Distributionally robust optimization for minimizing price fluctuations in quota system

Abstract

Quota systems play a crucial role in regulating public-interest goods and controlling negative externalities, with a primary focus on social impacts rather than economic benefits. This paper examines the decision-making process for quota release, aiming to control growth rates and ensure price stability over time. We first develop a chance-constrained problem for quota systems, solving it using sample average approximation. Due to computational demands, alternative approximation methods are explored. We consider two types of quota systems: mature systems with known distributions and newly established systems with distributional ambiguity.
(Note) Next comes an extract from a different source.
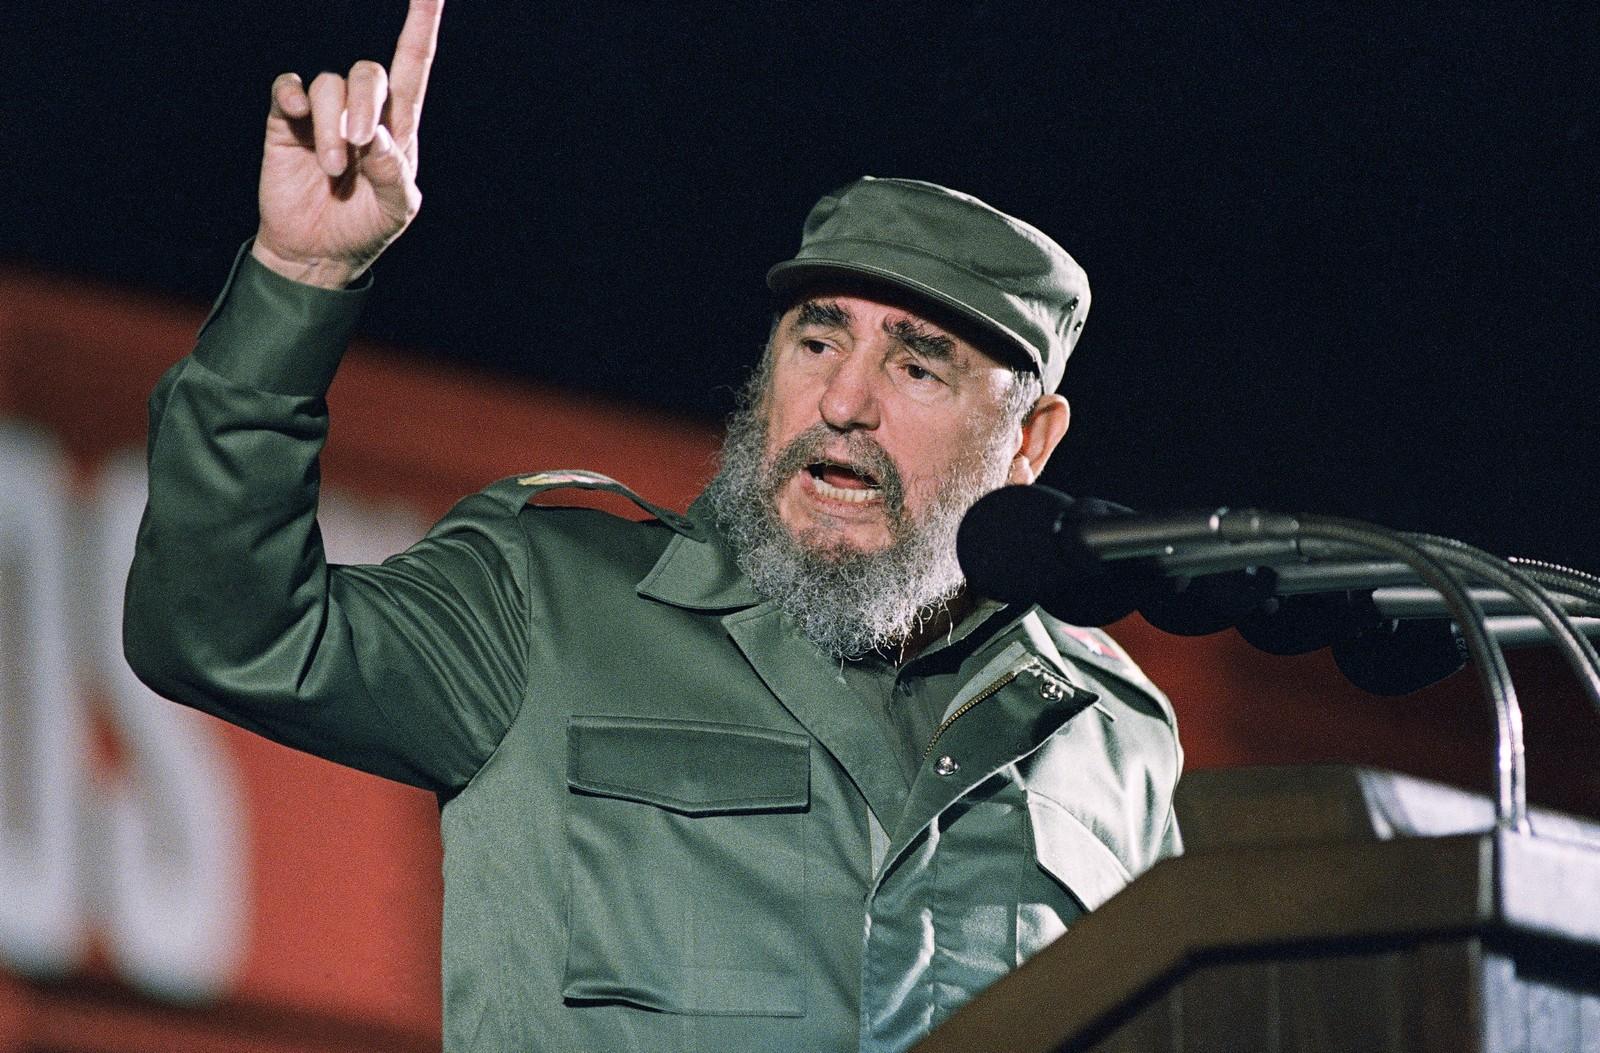 Fidel Castro slik verden var vant til å se ham, engasjert på en talerstol og ikledd sin grønne militæruniform. Her fra talen han holdt på 30-årsdagen for de revolusjonæres seier og maktovertakelse, 1. januar 1989.

For mature systems, Conditional Value-at-Risk (CVaR) is used to approximate the chance constraint, while for newly established systems, worst-case CVaR is employed within a robust optimization framework and the binary search algorithm is derived to efficiently solve the problem. The proposed models’ effectiveness is validated through computational studies using data from Singapore’s Vehicle Quota System. With known distributions, our CVaR sample average approximation (CVaR-SAA) model outperforms traditional models, reducing violation probability by more than 56.32%. With distributional ambiguity, worst-case CVaR approximation robust optimization (WCVaR-RO) model provides superior solutions, particularly in maximum violation probability (MVP). In the most notable case, WCVaR-RO reduces the MVP by over 53.37%. This research offers valuable insights into the management of quota systems.